Change in enthalpy, entropy & heat capacity from electrochemical potential $$\epsilon$$ vs. $$T$$#

In an electrochemical cell the enthalpy at constant pressure is given by

$\displaystyle \Delta H =-nF\left(\epsilon-T\left(\frac{\partial \epsilon}{\partial T}\right)_p\right) \tag{8a}$

where $$\epsilon$$ is the measured voltage (potential), $$n$$ the number of electrons transferred in the reaction and $$F$$ the Faraday constant. The entropy change is

$\displaystyle \Delta S =nF\left(\frac{\partial \epsilon}{\partial T}\right)_p$

and the change in heat capacity

$\Delta C_p = nFT\left(\frac{\partial^2 \epsilon}{\partial^2 T}\right)_p \tag{8b}$

In the reaction between hydrogen and silver chloride the change of cell potential $$\epsilon$$ with temperature has been measured with great accuracy over the range $$0\to 90^\text{o}$$ C in 0.1 M HCl solution. The reaction is

$\frac{1}{2}\mathrm{H_2(g) + AgCl(s) =Ag(s)+H^+(aq)+Cl^-(aq)}$

and

$\displaystyle \epsilon = 0.35510-0.3422\cdot 10^{-4}T-3.2347\cdot10^{-6}T^2+6.314\cdot 10^{-9}T^3\quad \mathrm{ V}$

and the temperature was measured in degrees Celsius. The derivatives are

$\displaystyle \left(\frac{\partial \epsilon}{\partial T}\right)_p= -3.422\cdot 10^{-5}-6.4694\cdot 10^{-6}T+1.8942\cdot 10^{-8}T^2$

and

$\displaystyle \left(\frac{\partial^2 \epsilon}{\partial^2 T}\right)_p= -6.4694\cdot 10^{-6}+3.7884\cdot 10^{-8}T^2$

The temperature $$T$$ in the equations 8a and 8b only, but not in the derivatives as the constants here are calculated in degrees Celsius, has to be replaced with $$T\to T+273$$ so that the results are obtained in SI units. The enthalpy is given by

$\displaystyle \Delta H= - 35163.0 - 170.41T +0.18684T^2+ 0.00121842T^3\quad \mathrm{J\;mol^{-1}}$

and the heat capacity,

$\displaystyle C_p= - 170.41 + 0.37368T +0.0036553T^2\quad \mathrm{J\;mol^{-1}\;K^{-1}}$

where the temperature is still in Celsius.
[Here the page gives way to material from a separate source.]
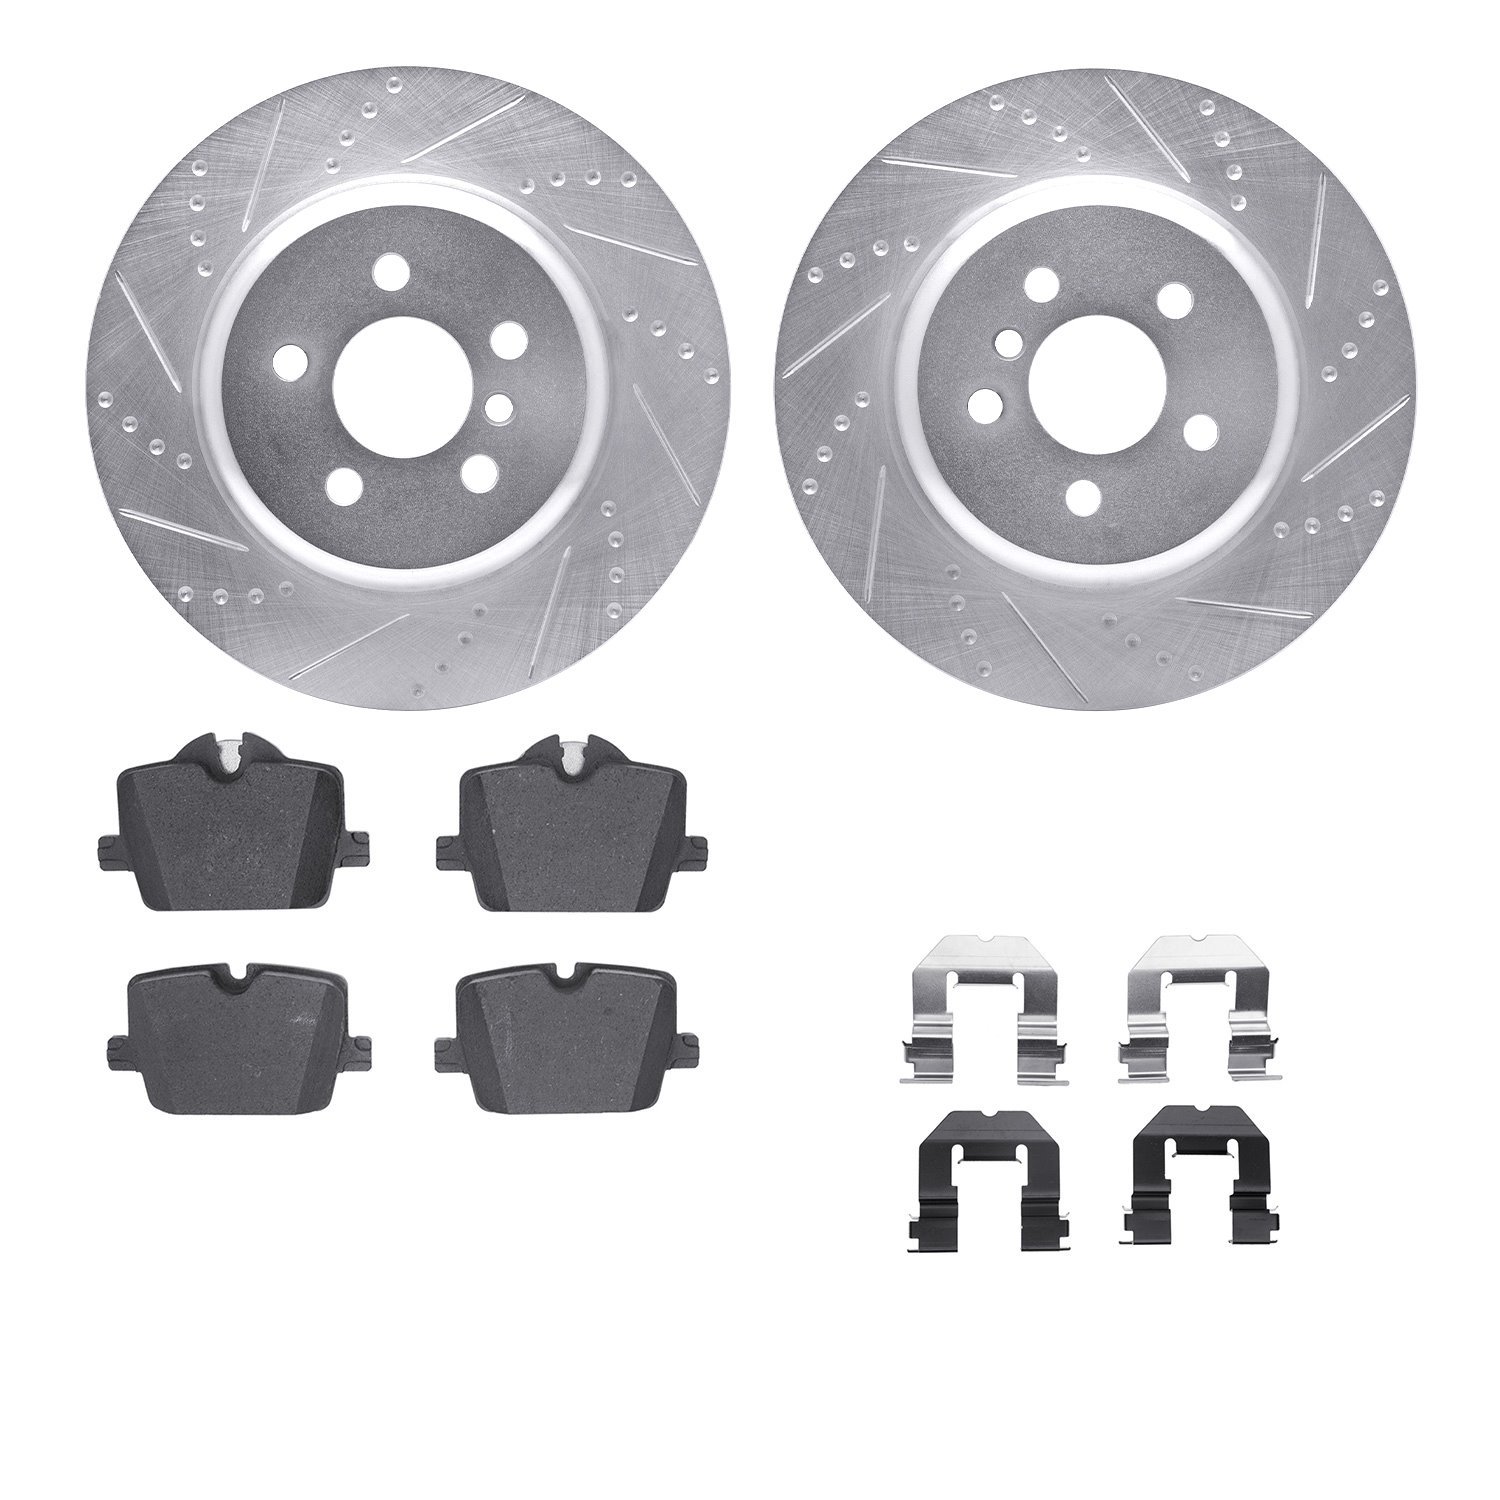 7512-31159 Drilled/Slotted Brake Rotors w/5000 Advanced Brake Pads Kit & Hardware [Silver], Fits Select Multiple Makes/Models, P

These results $$\Delta H = -39.287\;\mathrm{kJ\,mol^{-1}}, C_p=-158.8 \;\mathrm{J\,mol^{-1}K^{-1}}$$ at $$25^\text{o}$$C agree closely with those obtained from purely calorimetric experiments, $$C_p=-161 \;\mathrm{J\,mol^{-1}K^{-1}}$$ (data from Lewis & Randall 1961, Chapter 24).